APOE4 (apolipoprotein E4) is a 34 kDa plasma lipoprotein that has recently been found to have a potential association with both AD (90) and periodontitis (91). The autopsy report not only presents evidence of a positive correlation between APOE4 allele and sporadic AD (92), but also observes an association between APOE genotypes and β-amyloid deposition in the cerebral cortex, even in elderly participants without AD (93). The relationship between periodontitis and AD may be explained by the presence of the APOE4 gene. A case-control study using tooth loss as a surrogate measure for periodontitis has shown an association between mild cognitive impairment (MMI) and the number of teeth lost in individuals carrying the APOE4 allele (94). Furthermore, Porphyromonas gingivalis may enter the brains of ApoE−/− mice, leading to complement activation and damage to surrounding neurons (95). This neuroinflammatory mechanism induced by Porphyromonas gingivalis could potentially generate neurotoxic fragments of APOE in AD brains. The detection of Porphyromonas gingivalis in the central nervous system suggests a potential correlation between the development of AD and genetic variations associated with the host immune response, including genes such as TREM2 (96), TLR4 (97), CR1 (98), and NLRP3 (99). To devise more personalized prevention and treatment strategies, future research can concentrate on elucidating internal changes and genetic variations occurring within the host.
3.3 Prevention
3.3.1 Oral hygiene maintenance
As AD progresses, the cognitive decline experienced by patients adversely affects their ability to uphold oral hygiene practices and limits their access to dental care (100), resulting in a notable decline in their oral health status (101). Research has indicated that only 13% of adults aged 50 and above in Organization for Economic Co-operation and Development (OECD) member countries engage in weekly oral hygiene practices (102). Thus, healthcare professionals assume a crucial role in delivering comprehensive oral education and conducting regular follow-up visits to evaluate the oral condition of patients, ensuring effective periodontal maintenance (103). The implementation of the 5S methodology, comprising sorting (Seiri), straightening (Seiton), sweeping (Seiso), standardizing (Seiketsu), and sustaining (Shitsuke), is gradually integrated into oral hygiene practices (96). This approach assists healthcare providers in enhancing hygiene standards and work efficiency while caring for elderly patients with AD, which potentially yields improved overall oral health outcomes (104).

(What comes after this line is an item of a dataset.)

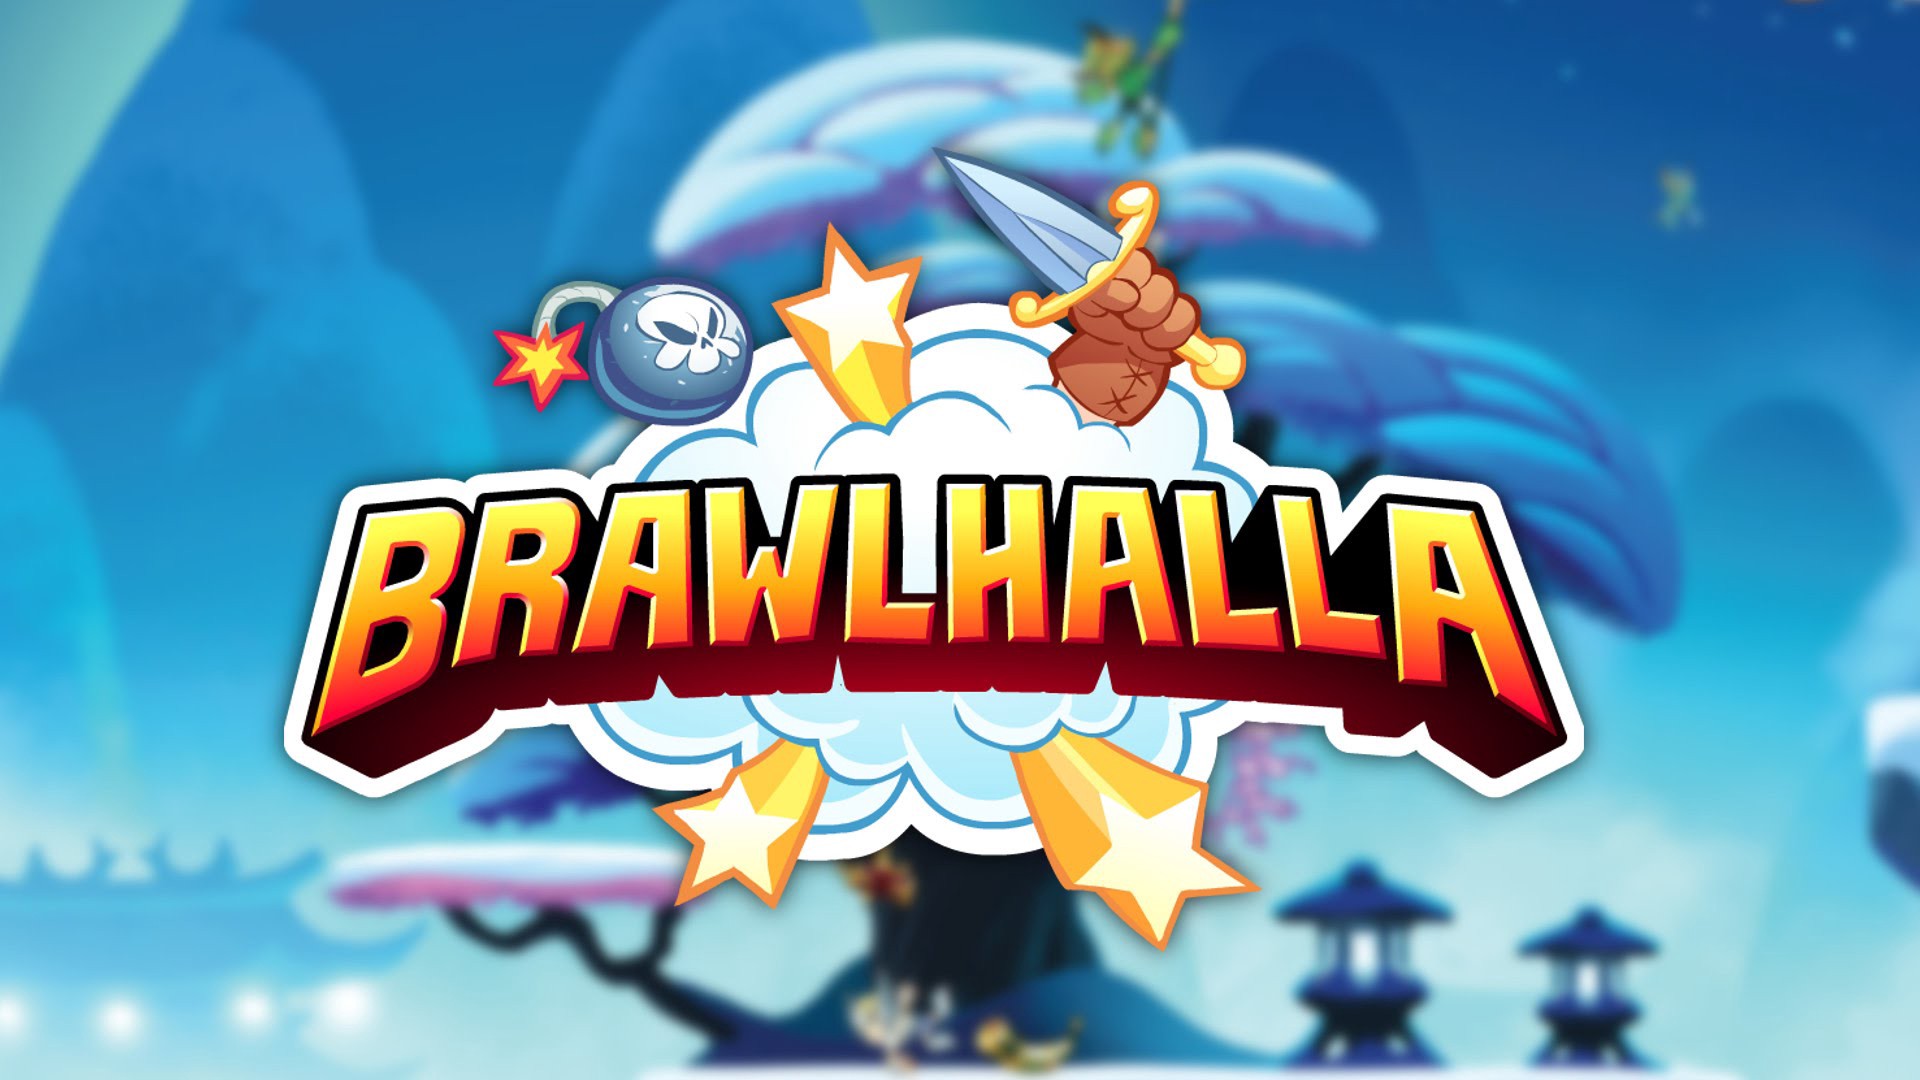 Changes to our Brawlhalla roster
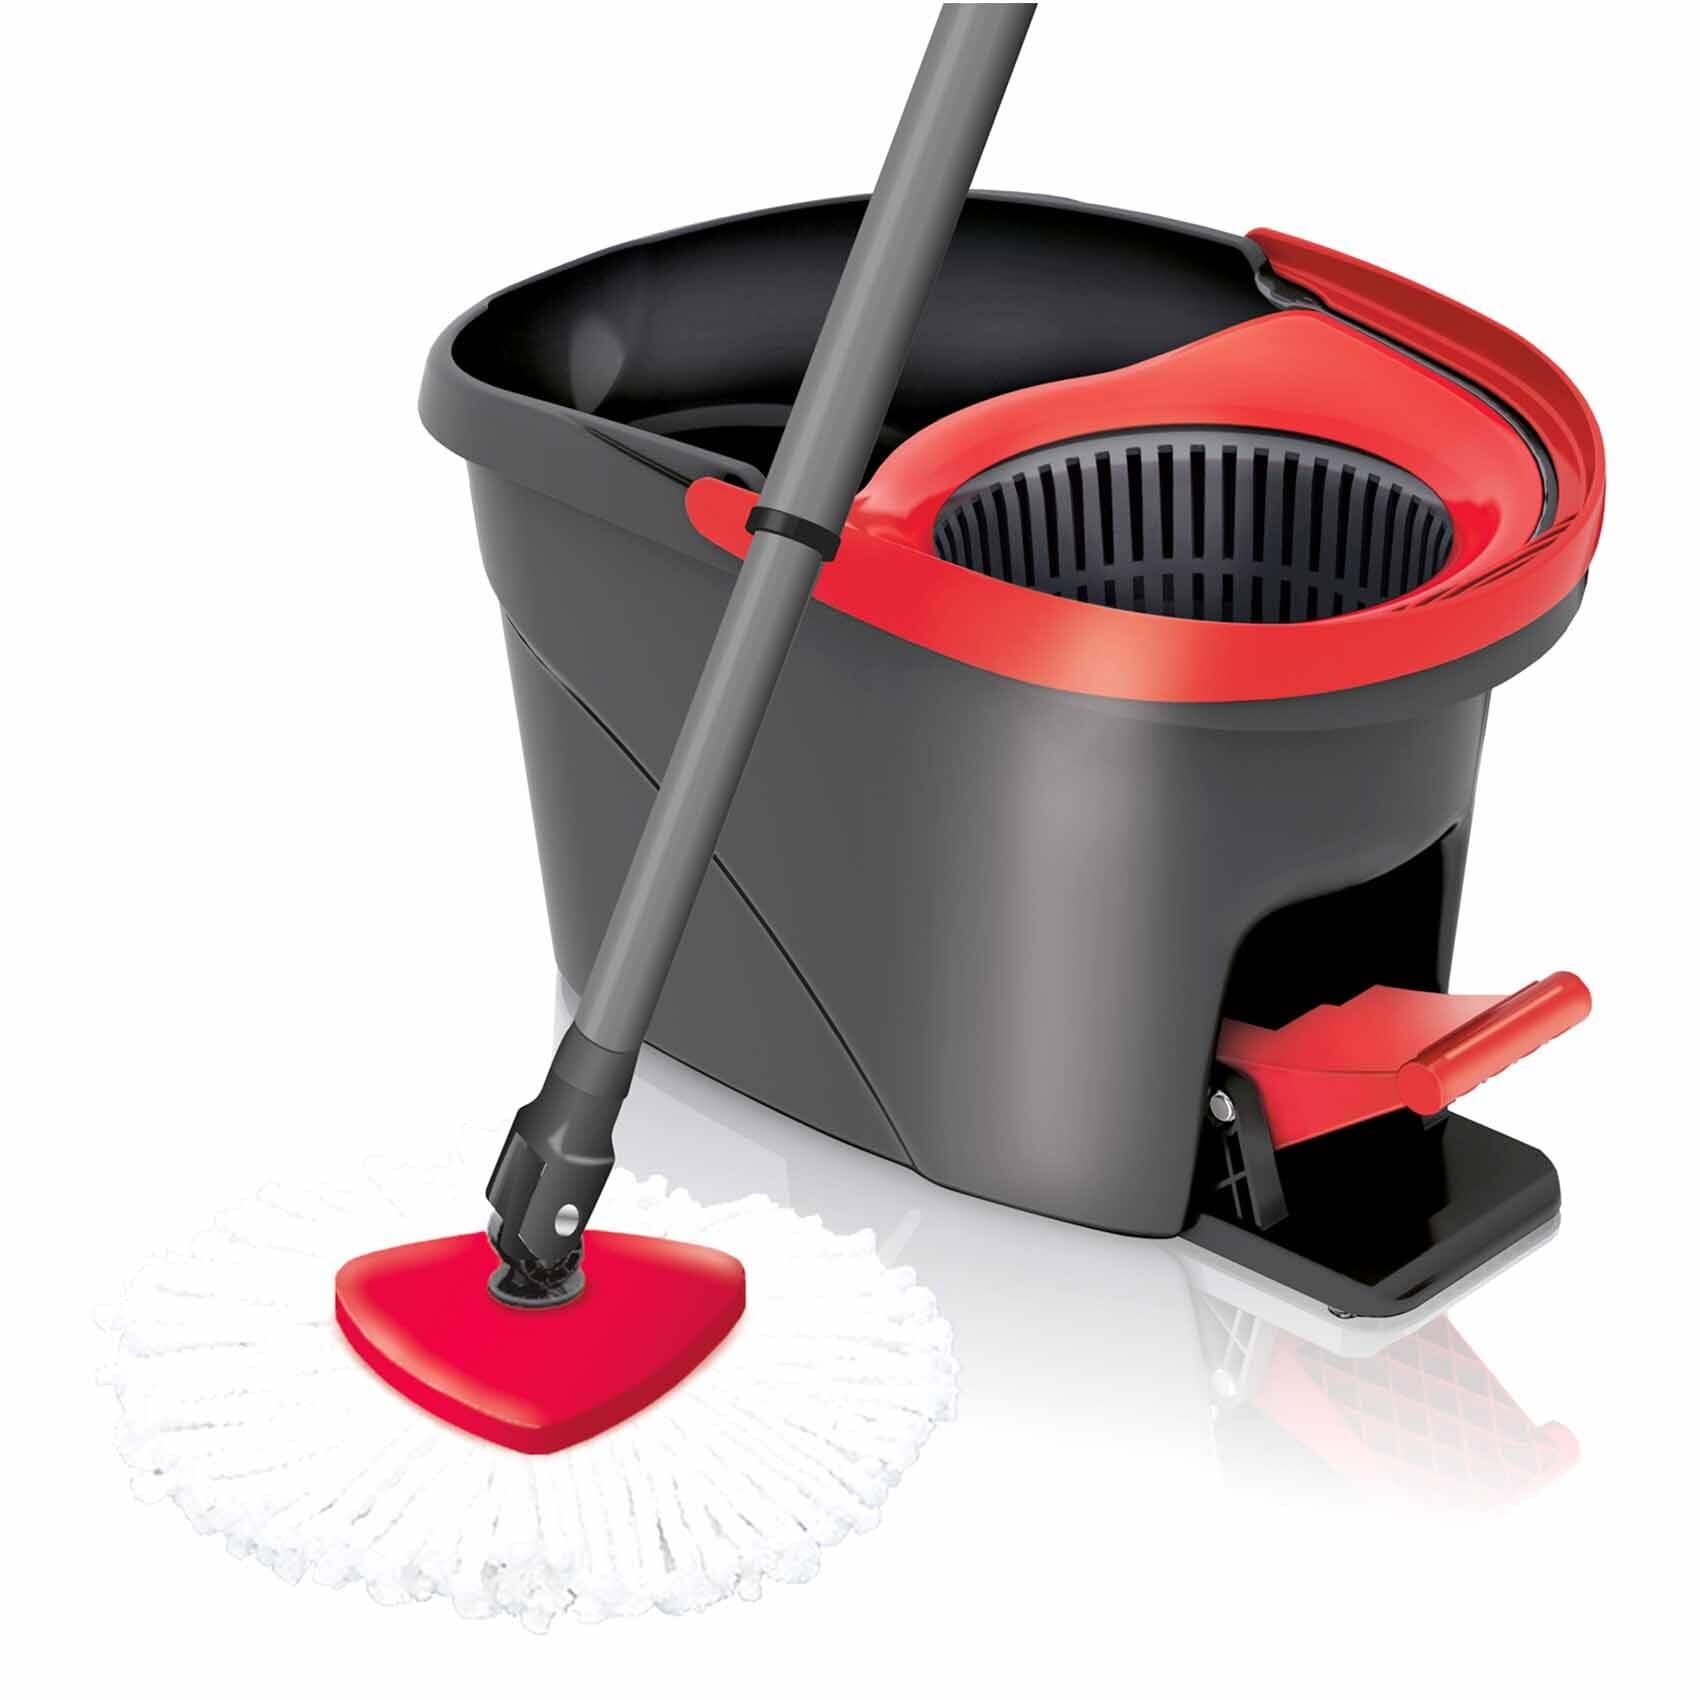 Vileda Turbo 2in1 Pedal Cleaning Set Microfiber mop and bucket Spin Wringer  eco-friendly telescopic handle removable head

Considering the impact of cognitive impairments on oral health and dental utilization (105), a longitudinal study conducted in China unveiled the challenges faced by elderly individuals with dementia in maintaining sufficient oral hygiene habits, resulting in suboptimal oral health status and an elevated vulnerability to dental caries. These difficulties can be attributed to obstacles encountered during toothbrushing (53). In comparison to traditional manual toothbrushes and dental floss, the adoption of powered toothbrushes, water flossers, or Collis curve brushes has emerged as a promising intervention, providing simplified oral care procedures and enhanced plaque removal efficacy, thereby promoting improved oral hygiene practices (106).
3.3.2 Vaccine
The research findings present evidence that the release of OMVs by Porphyromonas gingivalis triggers the activation of the NLRP3 inflammasome, leading to neuroinflammation, tau phosphorylation, and cognitive impairment in mice. This cascade of events has the potential to have a latent impact on the progression of AD (107), although the exact extent of its influence is still uncertain. Notably, the gingival cytoplasmic membrane vesicles possess nanoscale dimensions and exhibit remarkable immunogenicity, adaptability, and immunocyte uptake, thereby displaying functional intercellular interactions. These unique characteristics position them as a promising avenue for the development of vaccines and targeted drug delivery systems aimed at suppressing the release of bacterial virulence factors (108). Currently, extensive research and development efforts are underway to formulate vaccines tailored specifically to combat periodontal pathogens, particularly Porphyromonas gingivalis (109). Anticipated advancements in vaccine development technologies hold promise for the creation of an expanded repertoire of vaccines targeting a diverse array of periodontal pathogens in the foreseeable future. These vaccines have potential in effectively preventing both oral diseases induced by oral bacteria and systemic diseases. Furthermore, the development of vaccines against periodontal pathogens is expected to yield improvements in global oral health, thereby exerting a impact on overall human health and well-being.
3.3.3 Healthy lifestyle
Periodontitis and AD bear resemblances in terms of multiple shared risk factors, including age, obesity, diabetes, psychological stress, smoking, alcohol consumption, and education level. Consequently, implementing measures to modify lifestyle habits in these domains can serve as an effective strategy in concurrently preventing and ameliorating both periodontitis and AD.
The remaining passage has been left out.